Words: Dray Morgan
Recent EU statistics show that the amount of Irish people who live with their parents has doubled in the last decade to over two thirds of the total 25-29 year old population.
According to a new report, over 68 per cent of people in Ireland between the ages of 25 and 29 are living with their parents. It marks a large increase from 45 per cent of people reported in 2019.
It comes in contrast to the EU average of 42 per cent and underlines Ireland’s position as one of the highest living at home rates among young people in the European Union. The figure is even higher when looking at Irish males aged 25-29 specifically, with 74 per cent living at home.
Throughout 2020 and 2021, the number of young people living with parents trended upwards in almost every country on the continent. Since then, most countries have returned to close to pre pandemic rates.
Ireland however, remains a complete outlier in western Europe. 20 per cent of people between 25 and 29 live with their parents in Germany and 17 per cent in The Netherlands. Furthermore, other European countries, such as Denmark, Finland and Sweden, all have rates lower than 6 per cent.
Leader of the Labour Party, Ivana Bacik, remarked on the statistics saying, “Today’s figures reveal the stark social consequences of the housing crisis, which represents a lived reality for too many of our young people.”
“Despite record employment levels, too many young adults in Ireland today are barely getting by. They are working hard, paying taxes and contributing to society, yet for far too many, Ireland feels like no country for young people.” Bacik continued.
The average age for a man to move out of home is 27.4, whilst a woman is 26.5.
In the EU, on average, 74 per cent of 20-24 year olds live at home.
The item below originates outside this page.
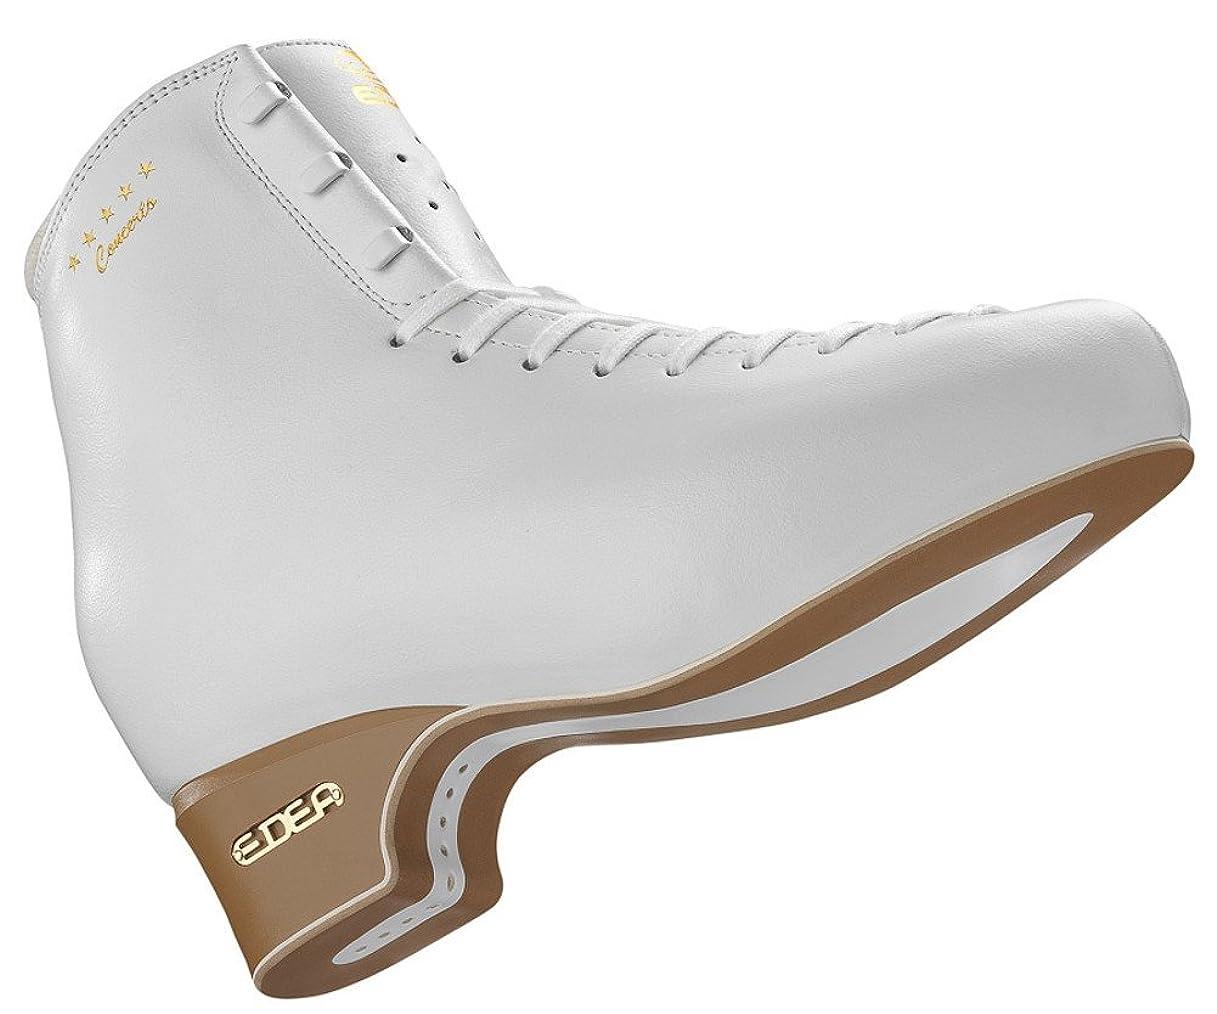 泥棒本能土器Figure skates Edea Concerto

Whereas, in Ireland, 89 per cent of 20-24 year olds live at home.
Housing Minister Darragh O’Brien called Irealnd’s current housing climate a “very significant problem” and called for a favourable outlook on renters in October’s budget.
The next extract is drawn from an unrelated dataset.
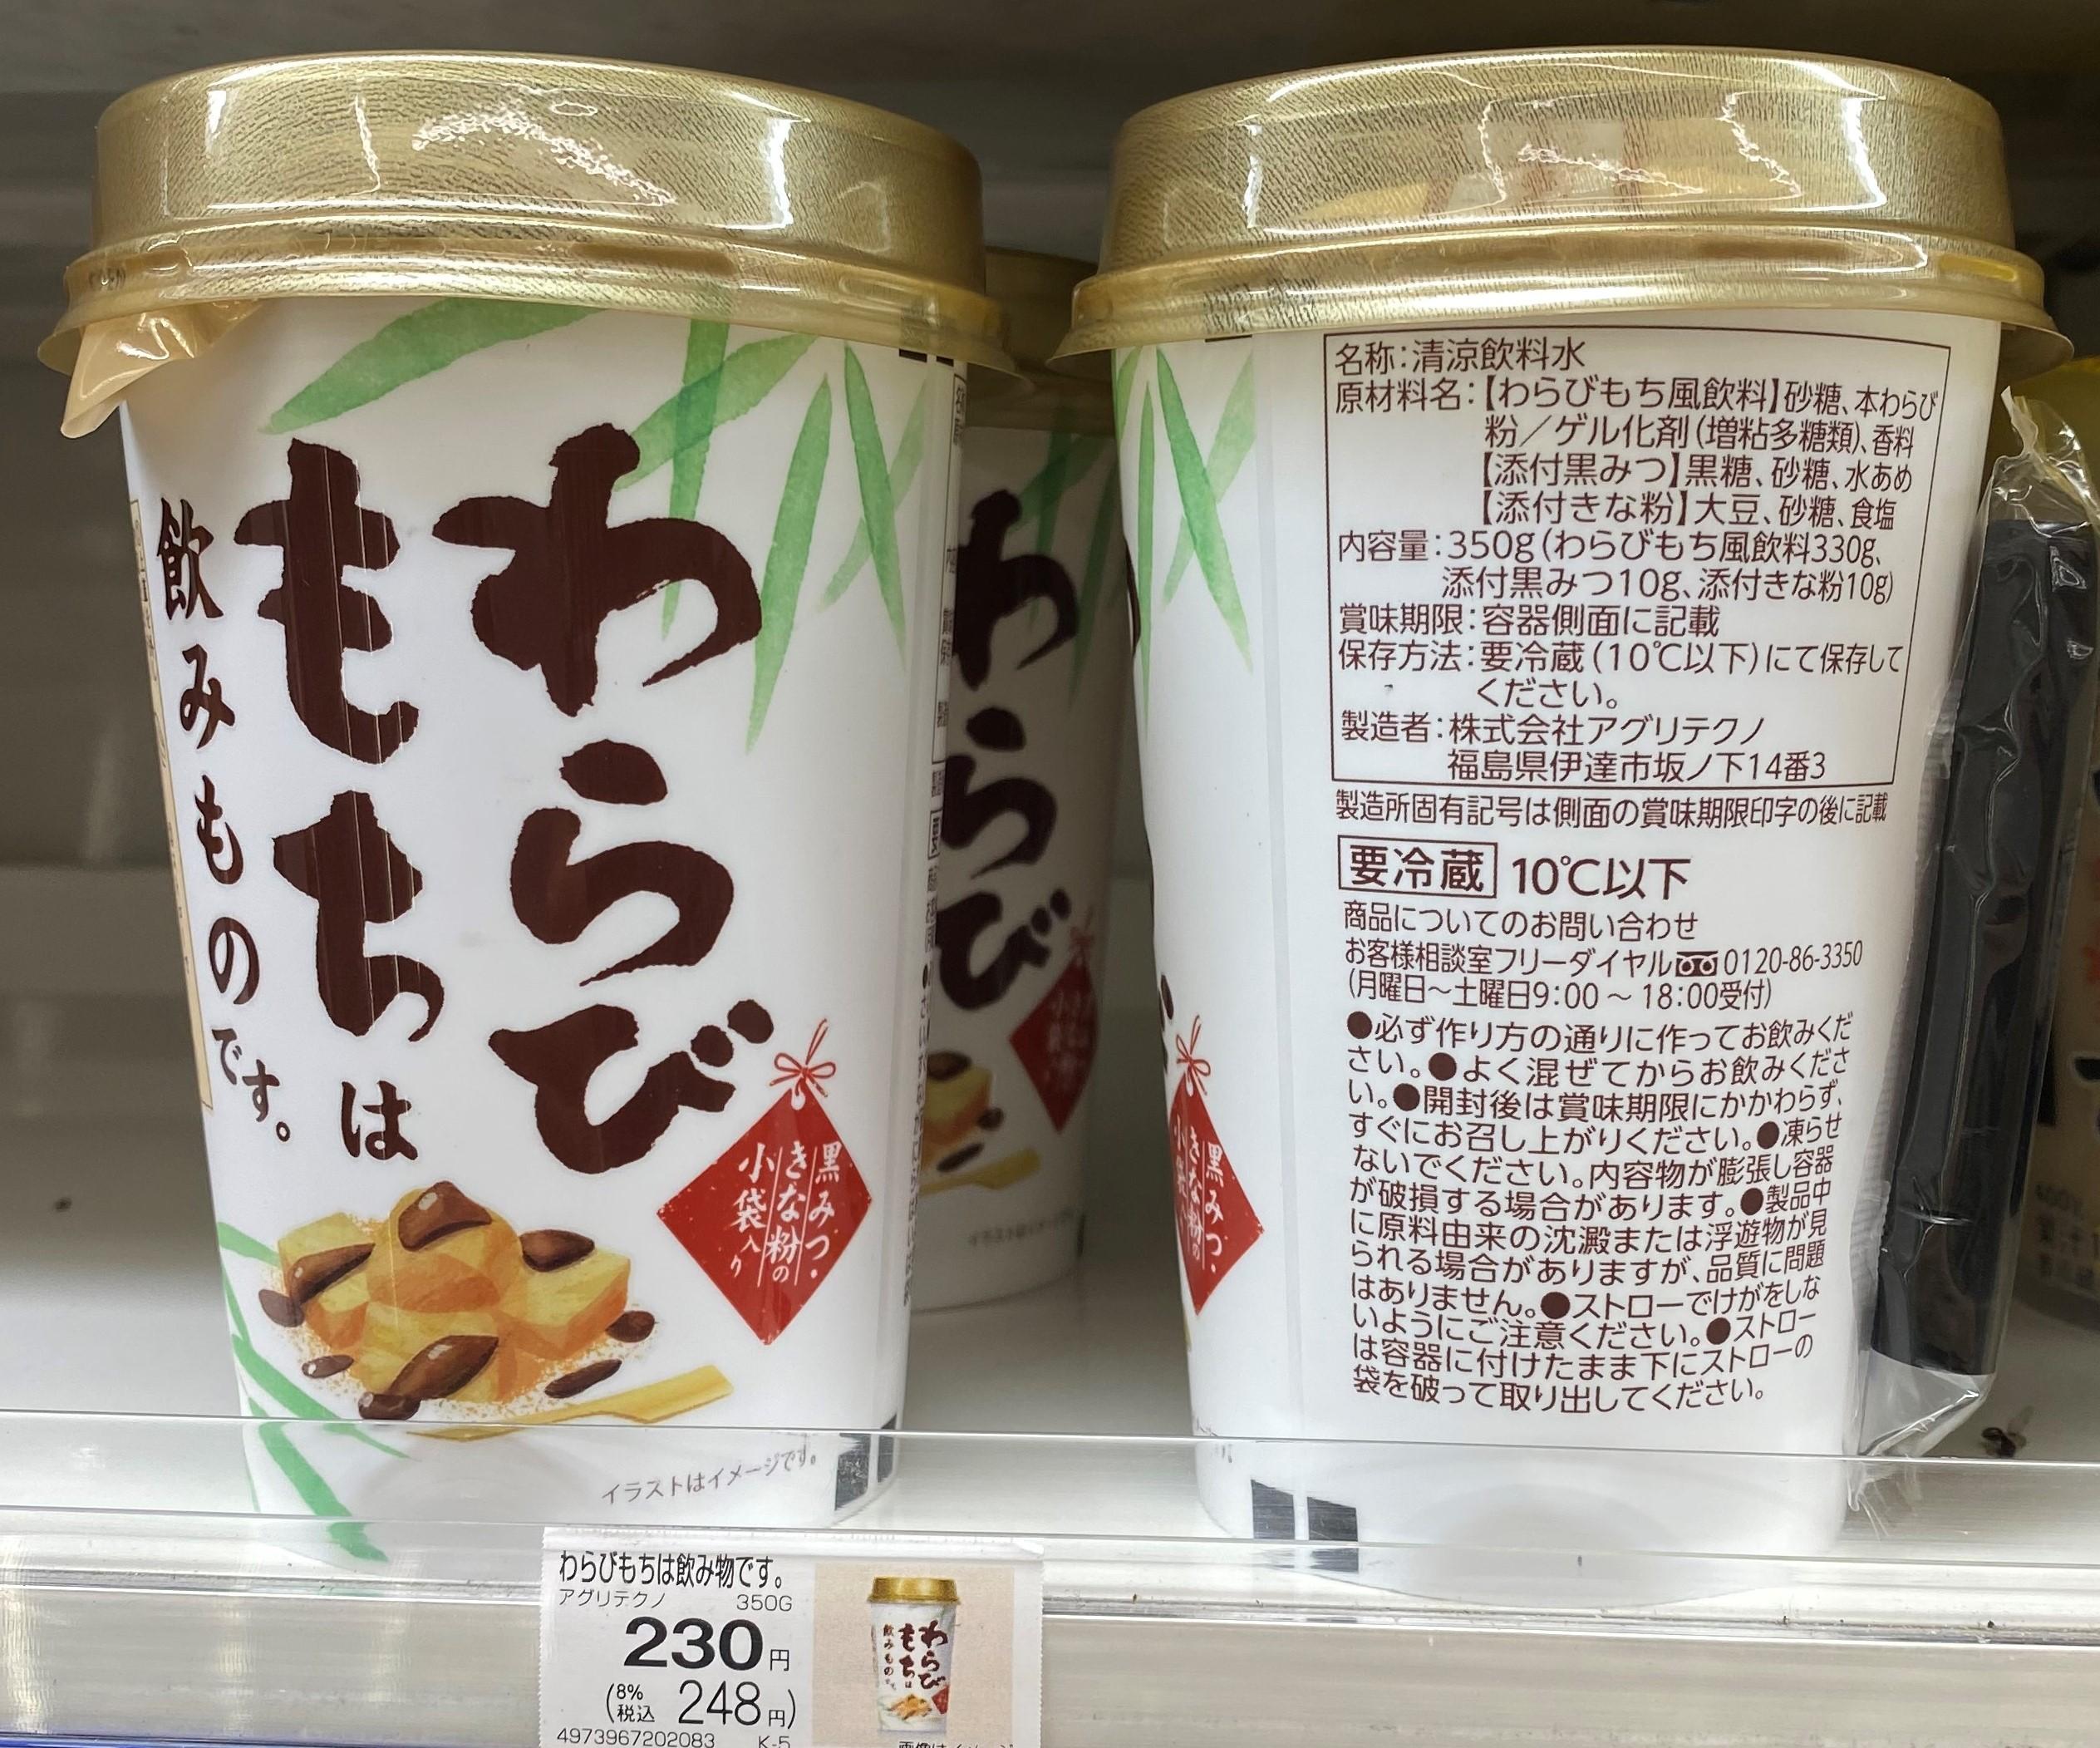 warabi mochi drink family mart

In the early to mid-20th century, Ireland had a culture much like Spain or Italy, where younger and older family members live together until later years. However, this has not been the case for decades. Irish culture is being forced to change due to the lack of housing on offer.
Ivana Bacik concluded her statement, “In order to address this crisis, we need to see a structural revolution in housing. Government representatives have displayed dismissive attitudes in response to Labour’s constructive proposals to increase housing supply. Time for a change of approach.”